A third optical fiber connected to the
A temperature sensor provided at the tip of the
An identification circuit that detects changes in the intensity of reflected light
The temperature sensor comprises a container having an open end, and an inside of the container through an opening of the container.
The third optical fiber is inserted into the
A waterproof cap into which the tip of the bath is introduced, and the inside of the container
The third optical fiber is provided at a position facing the distal end face of the third optical fiber.
The light from the third optical fiber is transmitted to the third optical fiber.
A light reflector that reflects toward the base, and the waterproof key inside the container.
The space between the cap and the thermosensitive coloring material is filled
Changes in light absorption / scattering for light of specific wavelength due to increase in degree
An air layer is provided in the temperature- sensitive portion of the temperature sensor.

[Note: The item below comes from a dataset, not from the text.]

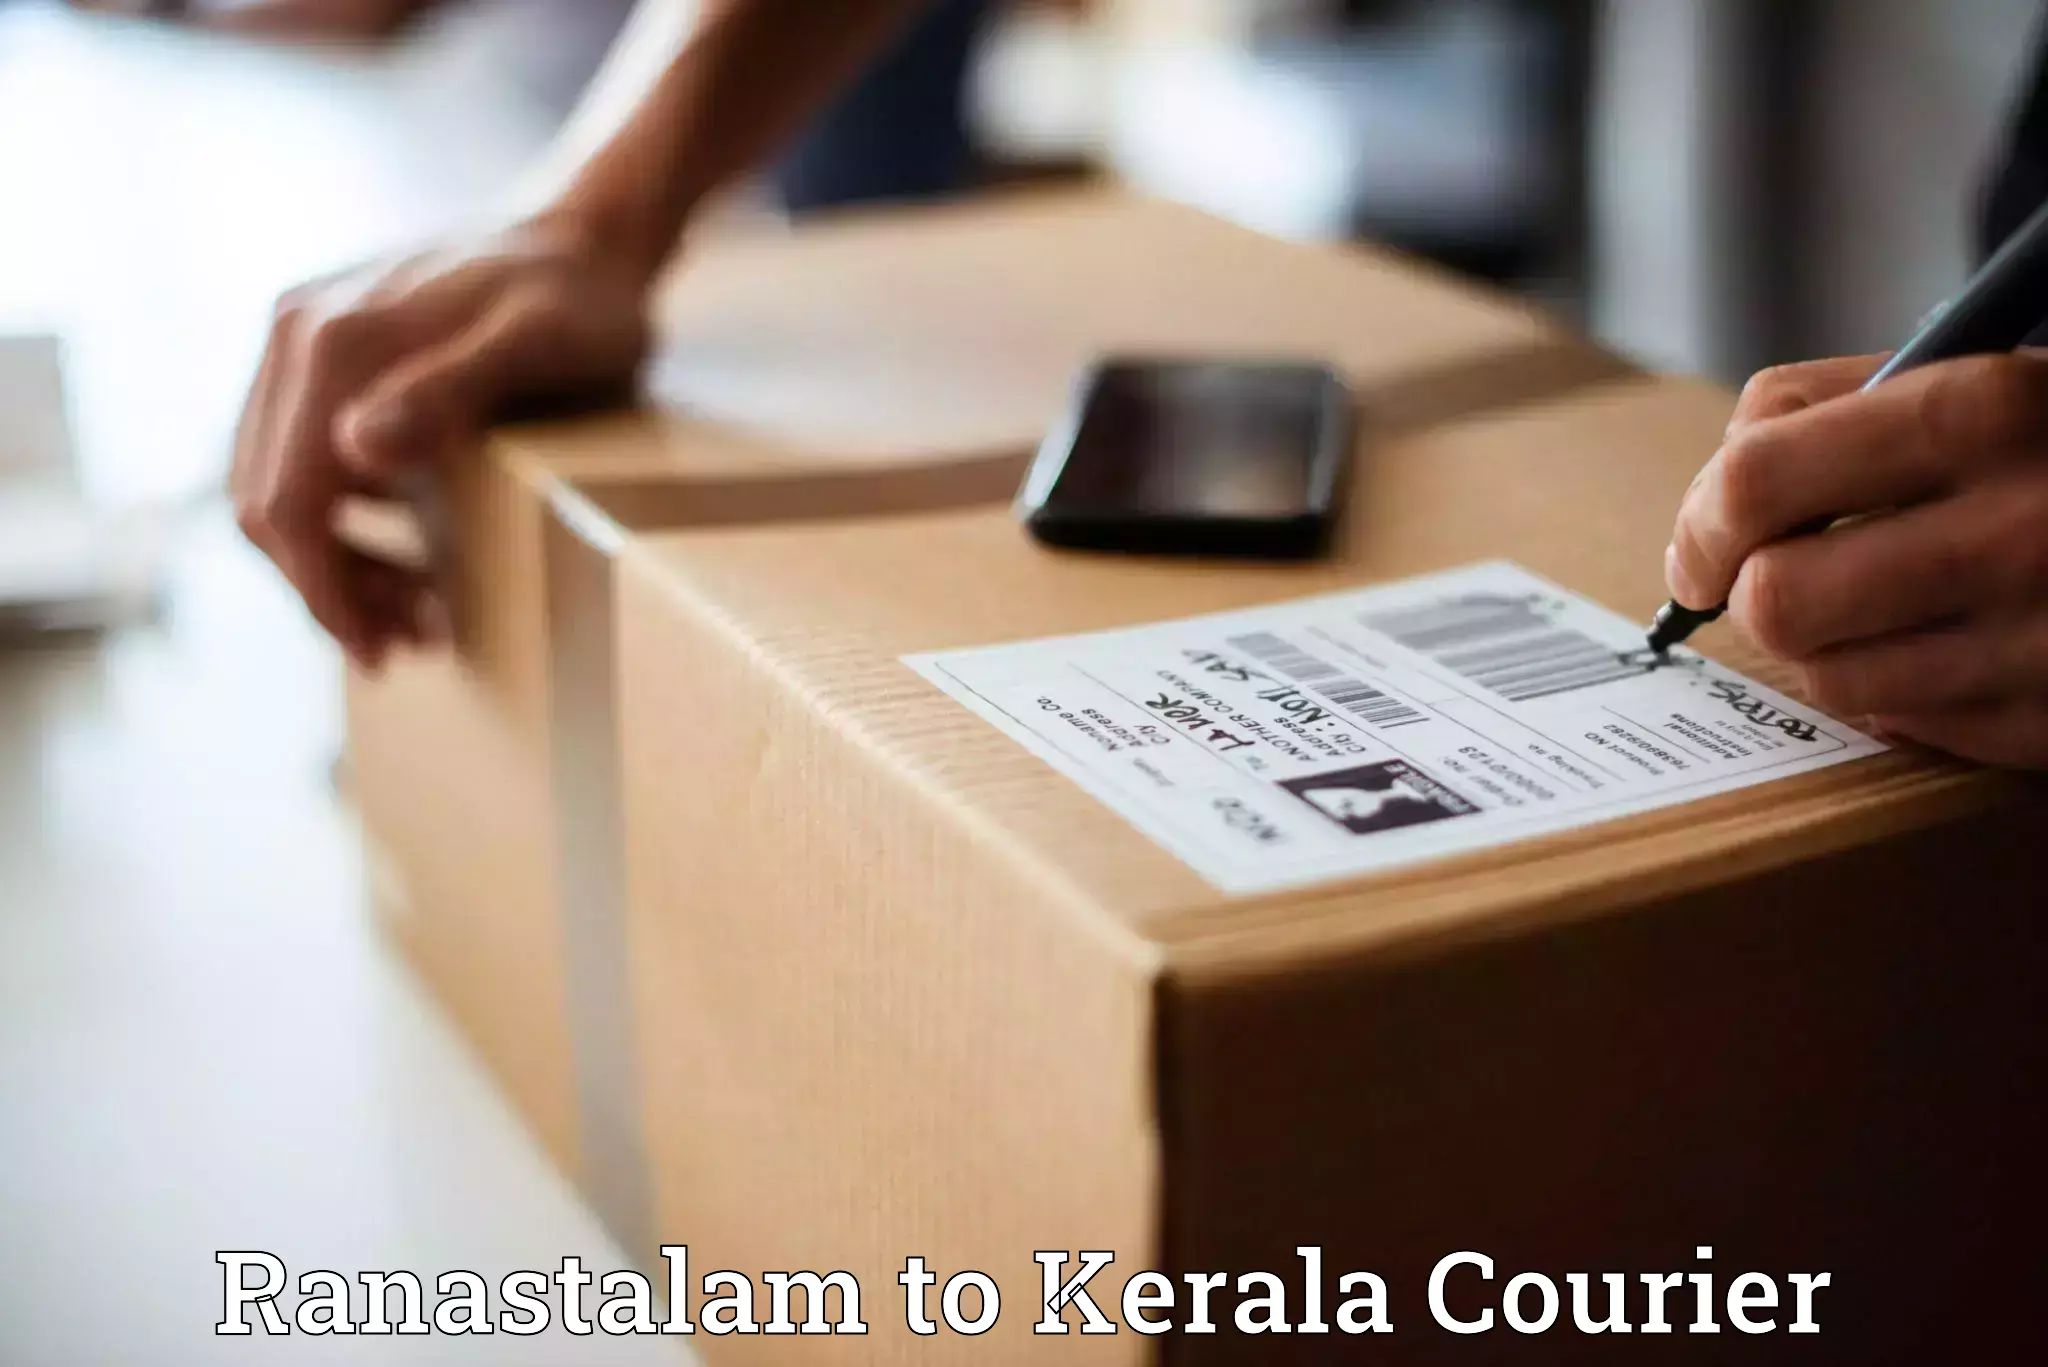 Bulk courier orders Ranastalam to Kallachi

A temperature detecting device. 2. A temperature sensing device according to claim 1, wherein the distal end of said introduced into the temperature sensing portion the third optical fiber is cut diagonally. 3. The optical fiber according to claim 1, wherein the first or third optical fiber or the second or third optical fiber is a single optical fiber. 3. The temperature detecting device according to claim 1, wherein an end of the optical fiber or the first optical fiber is welded. 4. An assembly as claimed in claim 1 or 2, wherein said optical branching coupler is an optical waveguide type or beam splitter type.